On targets that have VSX, we prefer to use VSX opcodes for scalar floating point operations. To ensure we don't select VSX patterns when we don't have VSX, we use a predicate. And to ensure we select the VSX pattern rather than an FPU pattern, we wrap the patterns in let AddedComplexity = 400 blocks. The selector will always choose the highest complexity pattern when multiple patterns produce a match.
Of course, it's a hack, but it has an obvious advantage over this approach - when someone adds a pattern, they'll add a test case to ensure that pattern is matched, they won't necessarily think to add a test case to ensure their pattern isn't matched on subtargets that have some other feature enabled.
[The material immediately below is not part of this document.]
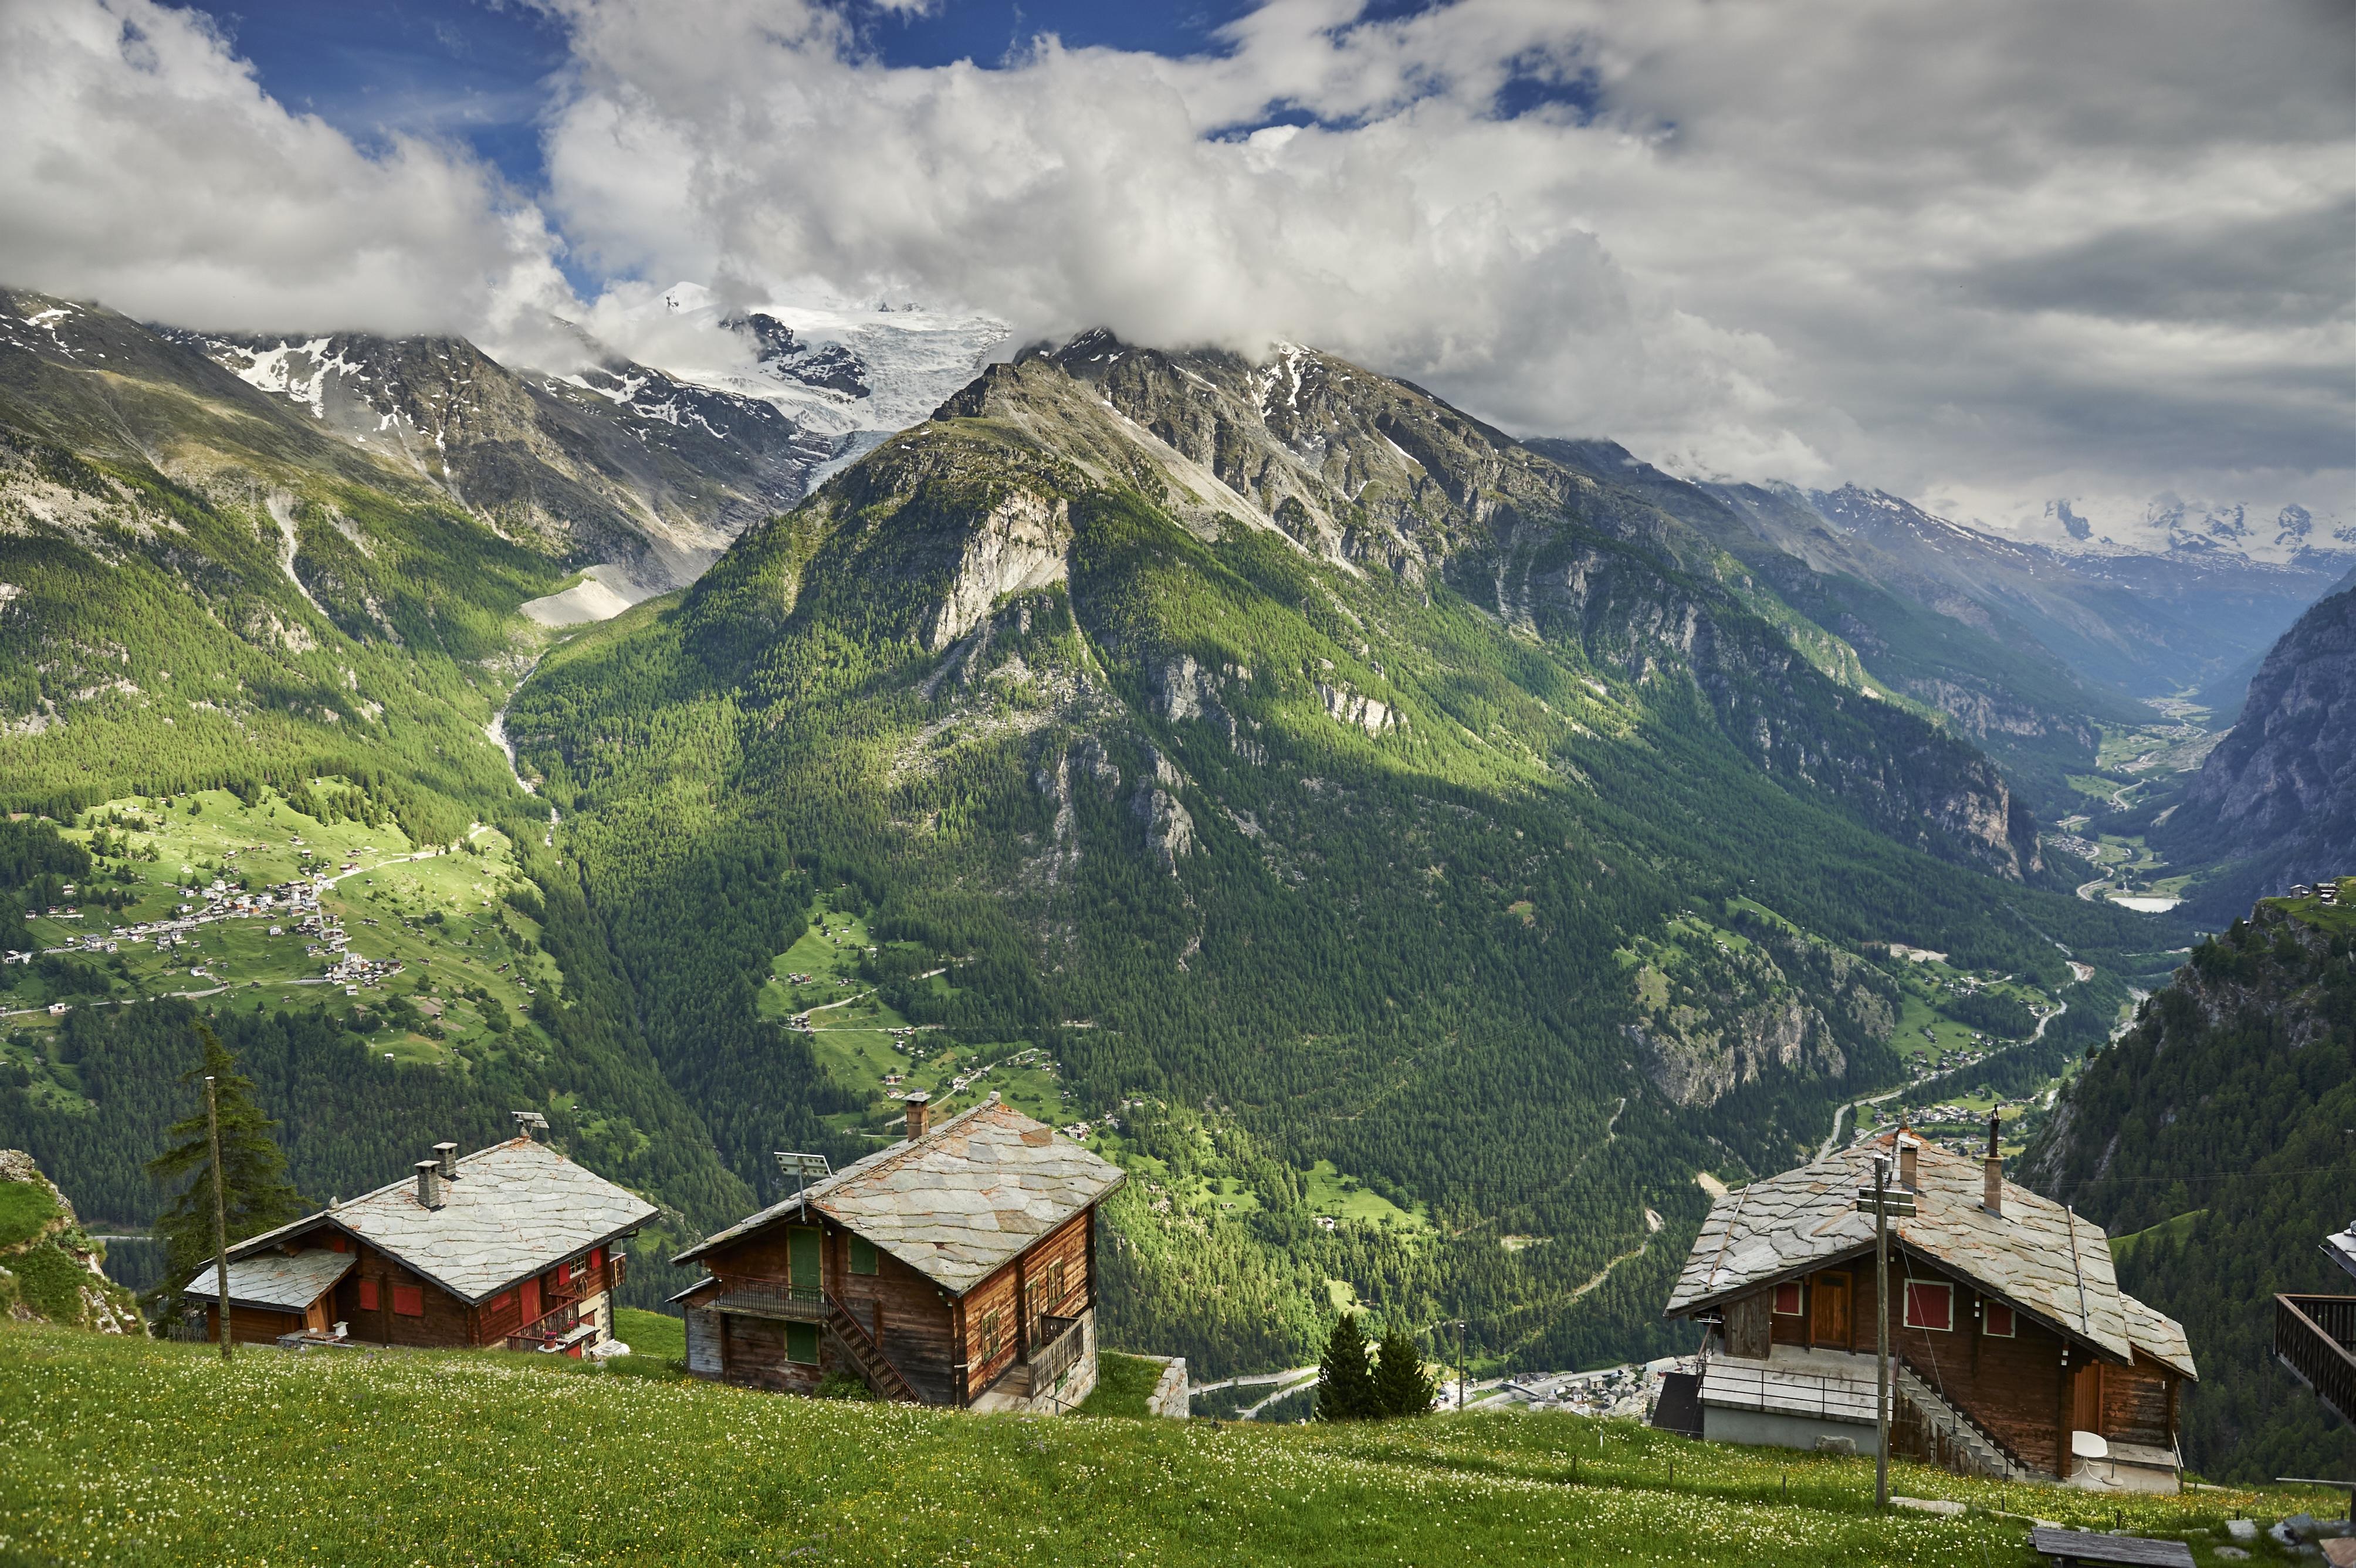 Vous habitez en zone de montagne? Vous souhaitez développer un projet? Cette info est pour vous!

Ideally, the selector would use the fact that the output pattern has operands with registers that aren't available on the target. Perhaps there's a way to do that - maybe @kparzysz would know.

chmeee marked 2 inline comments as done.Nov 30 2017, 11:50 AM
chmeee added inline comments.
lib/Target/PowerPC/PPCInstrInfo.td
1217

There is one other problem with using the AddedComplexity hack: Not all "traditional" FPU constructs are available in the SPE, so if it doesn't match an SPE operation it would still end up falling back to the FPU constructs, which obviously wouldn't work.

nemanjai added inline comments.Nov 30 2017, 12:39 PM
lib/Target/PowerPC/PPCInstrInfo.td
1217

Sure, but if such a construct made it to ISEL with your current solution, you'd get a failure to select. I suppose a compile failure is better than SIGILL at runtime, but it is still not the desired behaviour.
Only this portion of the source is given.